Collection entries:
···

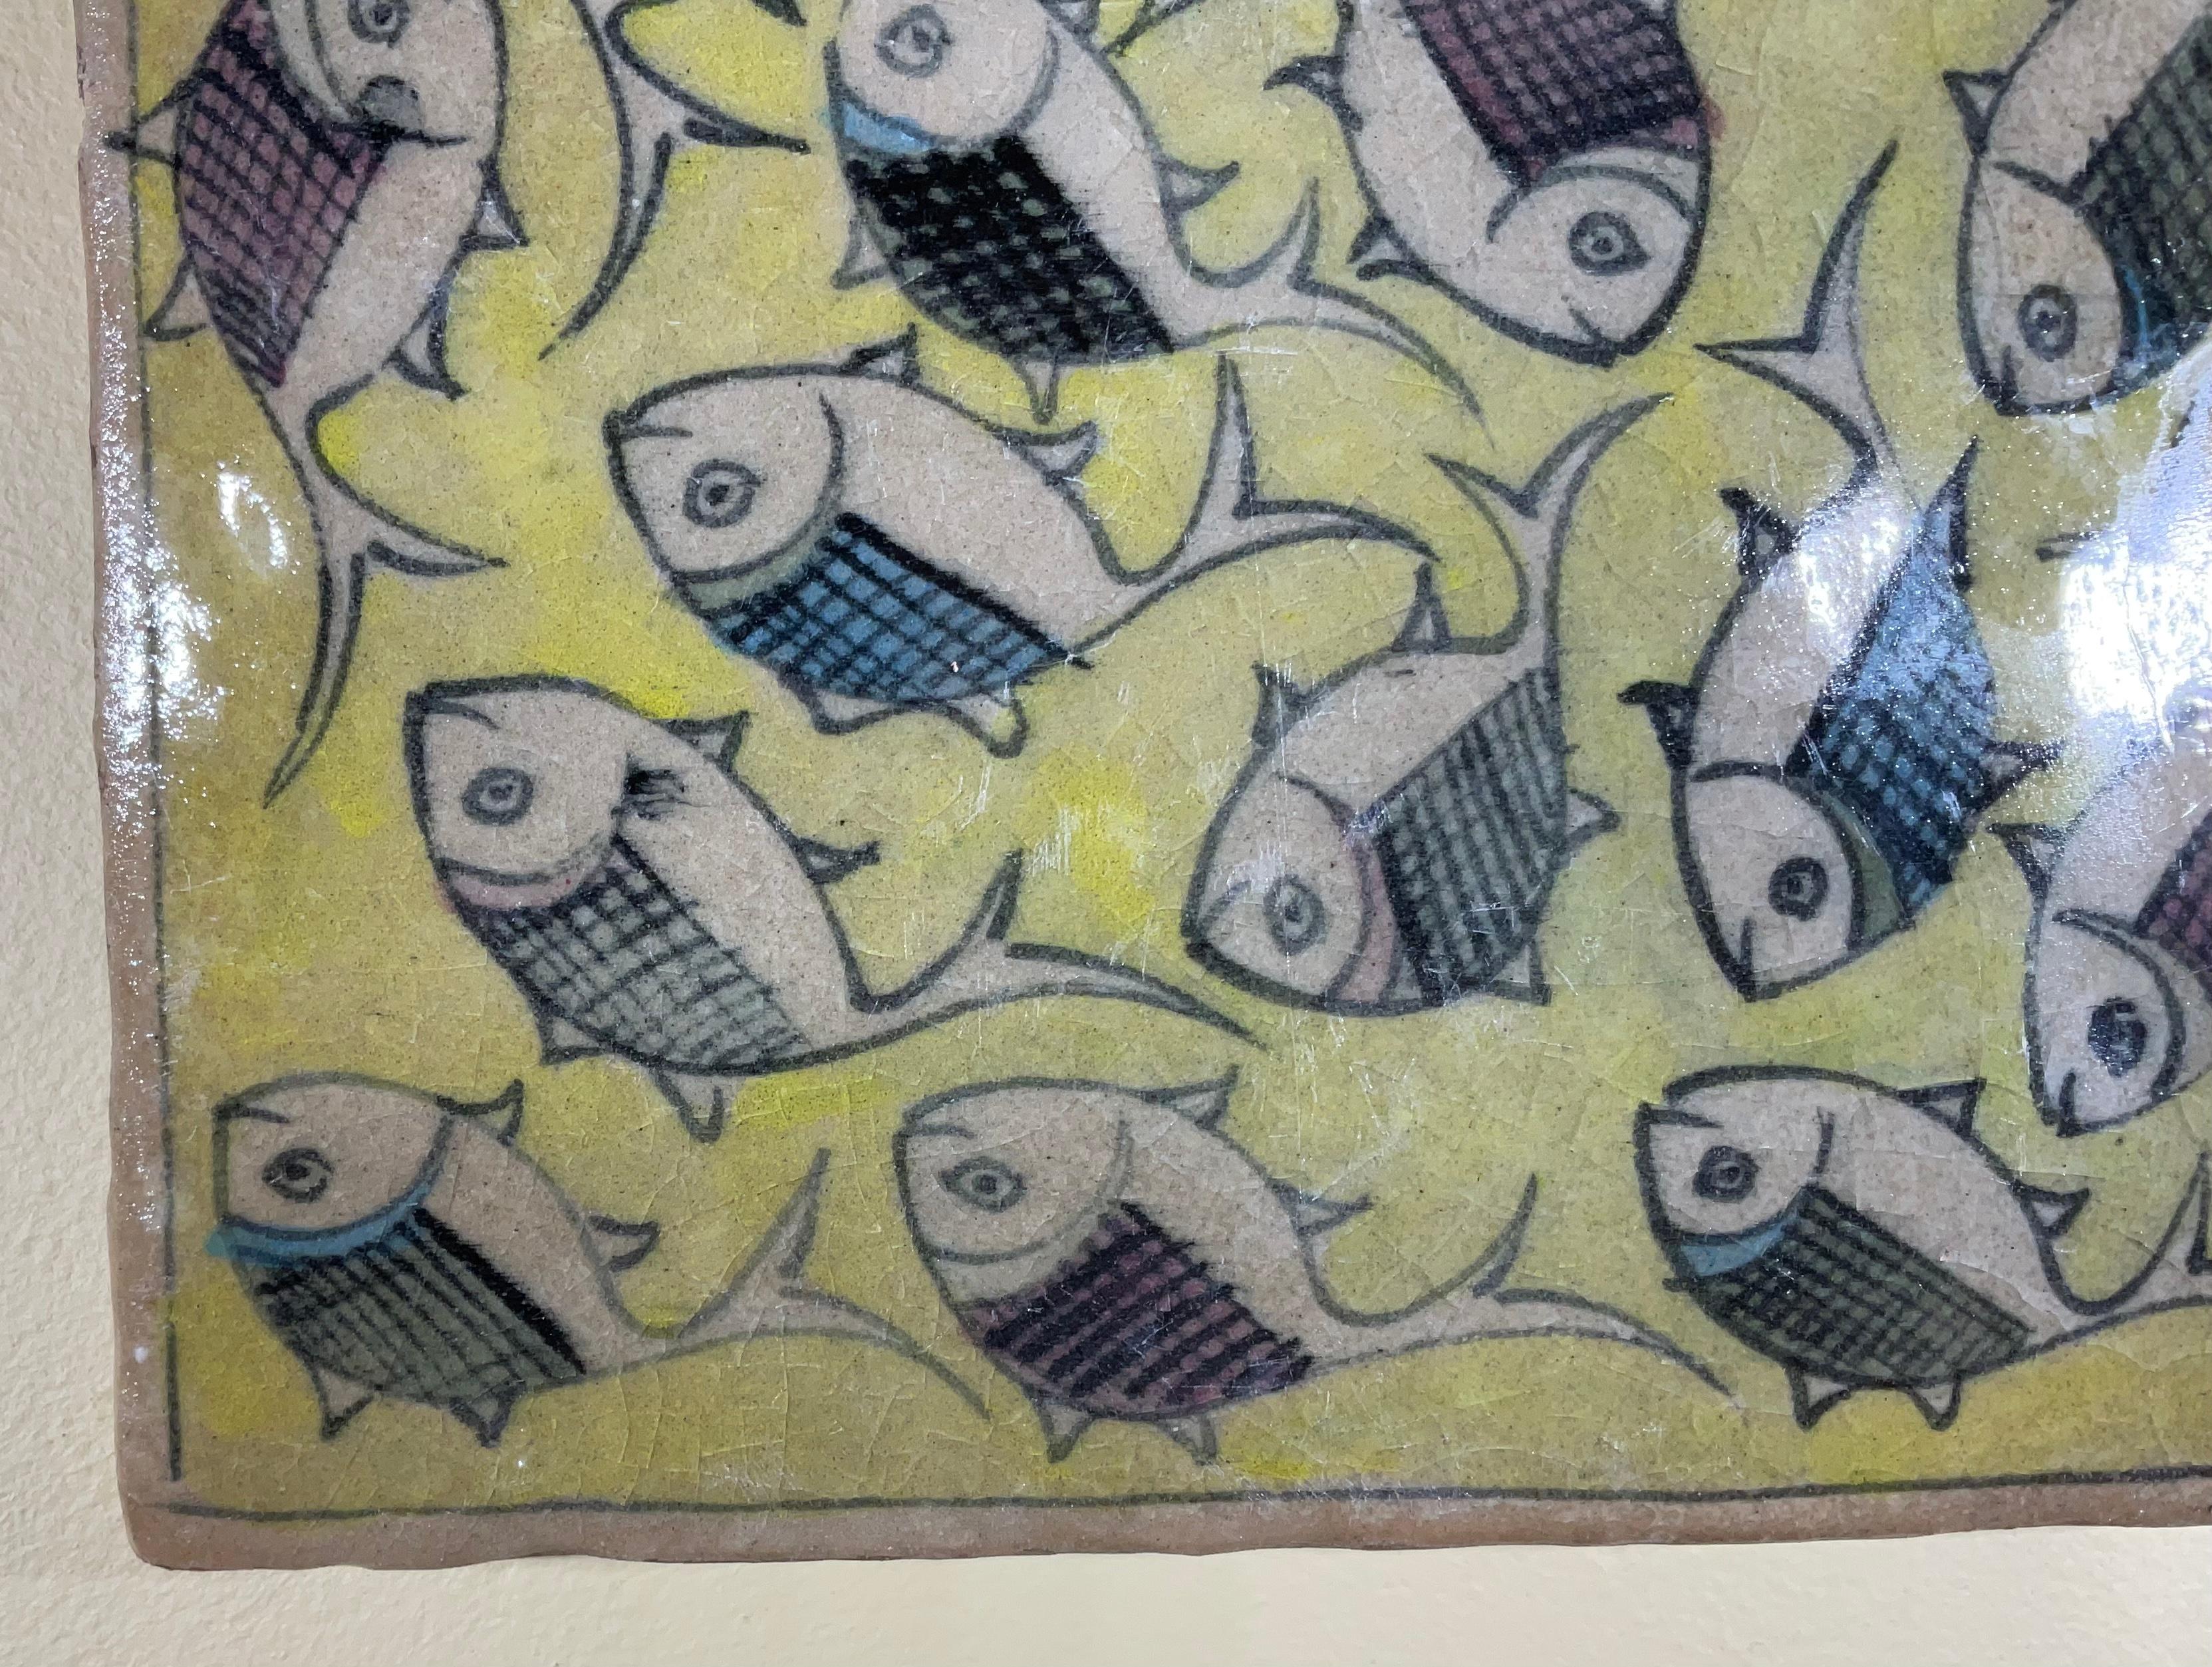 Vintage Ceramic Tile Wall Hanging In Good Condition For Sale In Delray Beach, FL
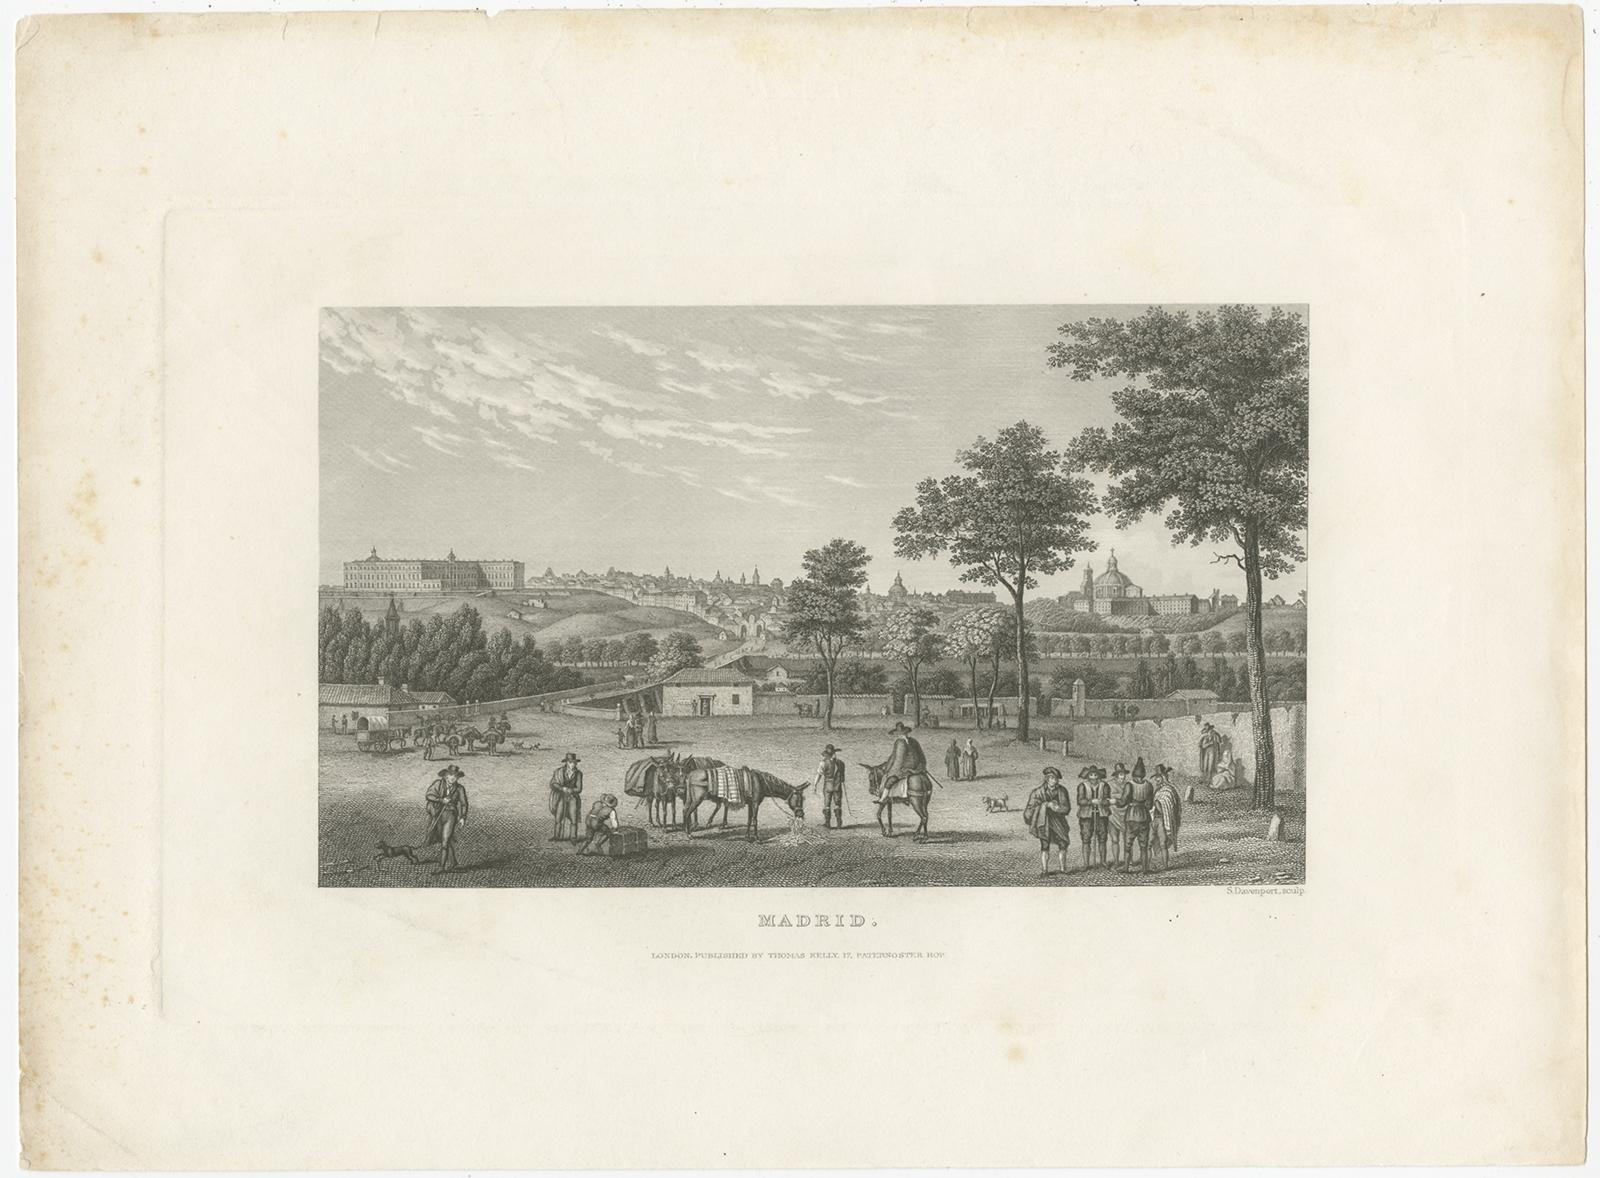 Description: Antique print titled 'Madrid'. 

View of the city of Madrid, Spain. Source unknown, to be determined.

Artists and Engravers: Engraved by S. Davenport. Published by T. Kelly.

Condition: Good, general age-related toning. Minor

···

What is expected: Please transcribe exactly the lines from the start of the records through the line containing "View of the", leaving the pictures out.

Answer:
 Vintage Ceramic Tile Wall Hanging In Good Condition For Sale In Delray Beach, FL
 Description: Antique print titled 'Madrid'. 

View of the city of Madrid, Spain. Source unknown, to be determined.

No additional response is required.